23. Mai 2017, Kreuth am Tegernsee, abends.
Gutes, lauschendes, tief einsaugendes Lauschen auf die Landleute beim Viehtrieb in Kreuth! Das ist ja genau die Sprache, die mir in die früheste Kindheit hineinschallte, meiner Mutter Sprache – Bairisch, ein Idiom, dessen ich mich bei meinen gelegentlichen Aufenthalten in meinem Herkunftsland gern auch selbst befleißige.
Vergessen wir nicht, wir sind hier am Tegernsee auf ältestem deutschem Kulturboden. Der älteste erhaltene deutsche Roman überhaupt, der berühmte Ruodlieb – ein lateinisch verfasstes Versepos – stammt aus dem Kloster Tegernsee! Er wurde gut 9 Jahrhunderte vor Thomas Manns Doktor Faustus verfasst, diesem Schicksalsroman, dessen letzte, dramatisch zugespitzte Szenen ebenfalls im oberbayrischen Voralpenland spielen. Ja, die in Pfeiffering ausgemalten Schlussbilder, der gutmütige Dr. phil. Serenus Zeitblom hätte sie auch hier ansiedeln können.

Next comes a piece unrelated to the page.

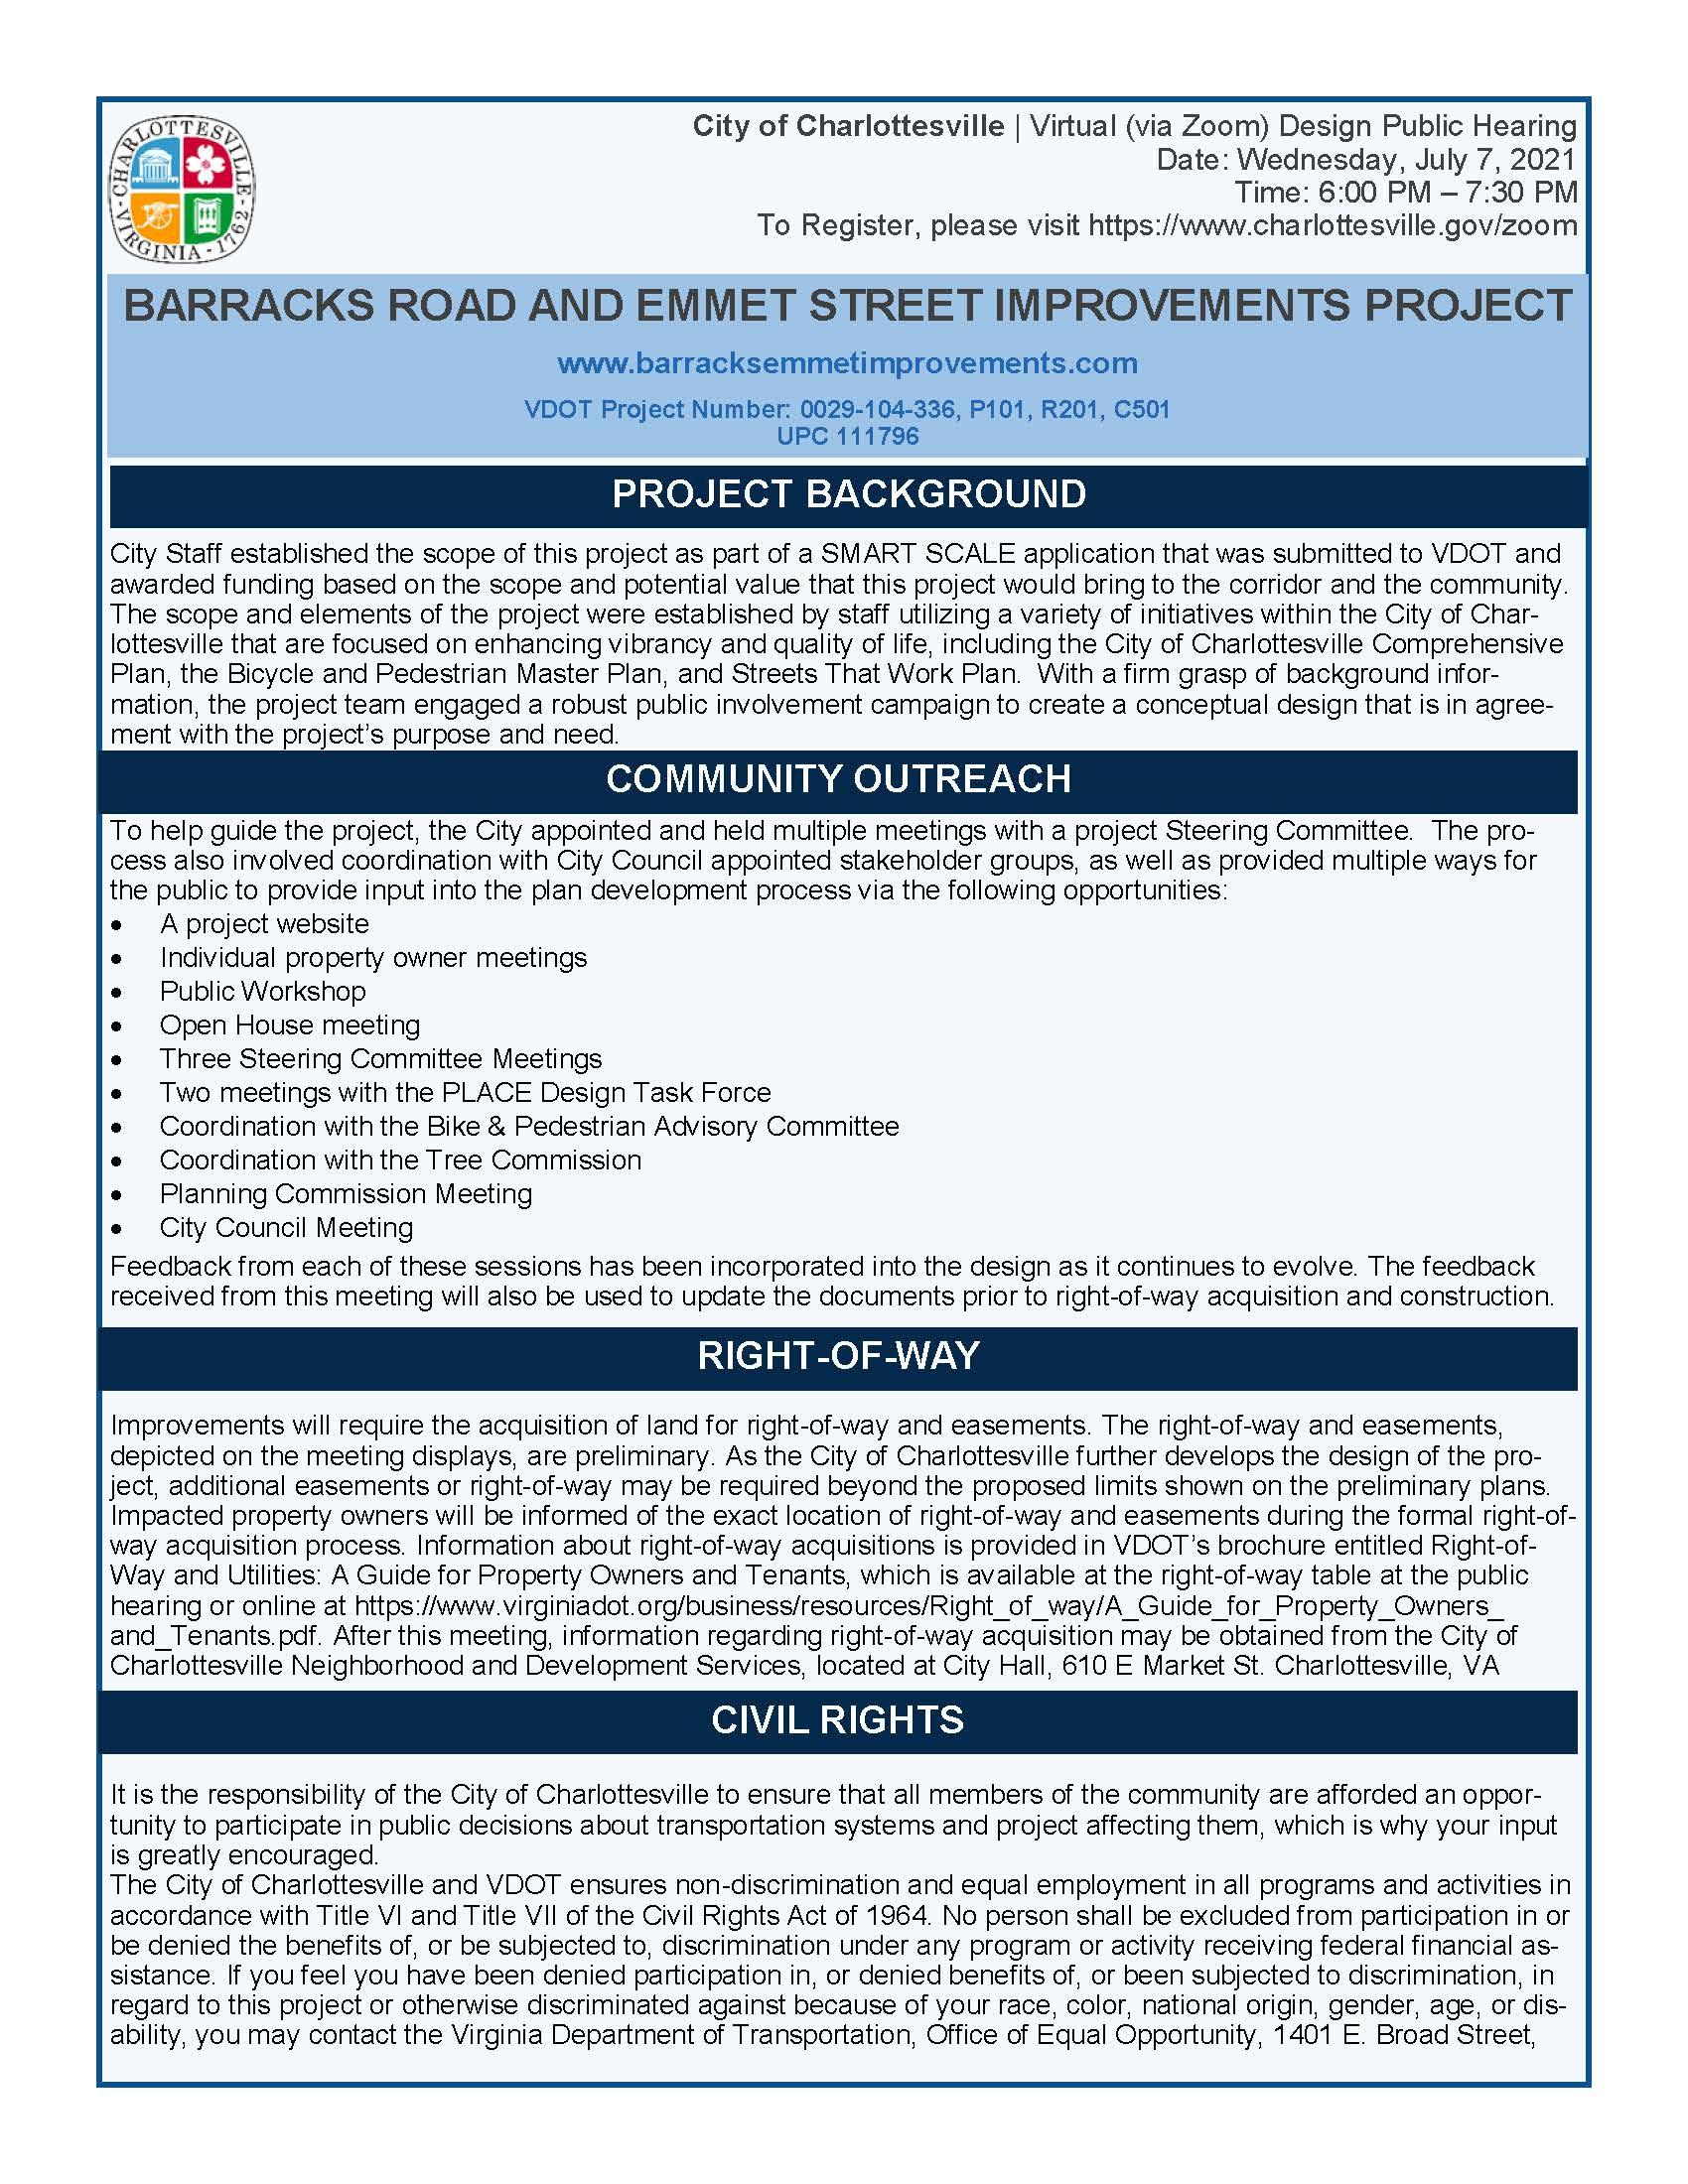 Barracks-Emmet Public Hearing Brochure_Page_2

Bild: eine Kreuther Ziegenherde am 23. Mai 2017, wenige Momente nach dem Austrieb aus dem Stall. Unsicher taumelnd tollen die Ziegen umher. Nach der Sicherheit des Stalls, wo ihnen Tag um Tag das Futter gereicht wurde, löst die Freiheit des Graslandes einen rauschartigen Tanz aus. Die Herde bleibt sicherheitshalber vorerst zusammen. Die Herde bietet Schutz angesichts des Neuen, das da kommen mag.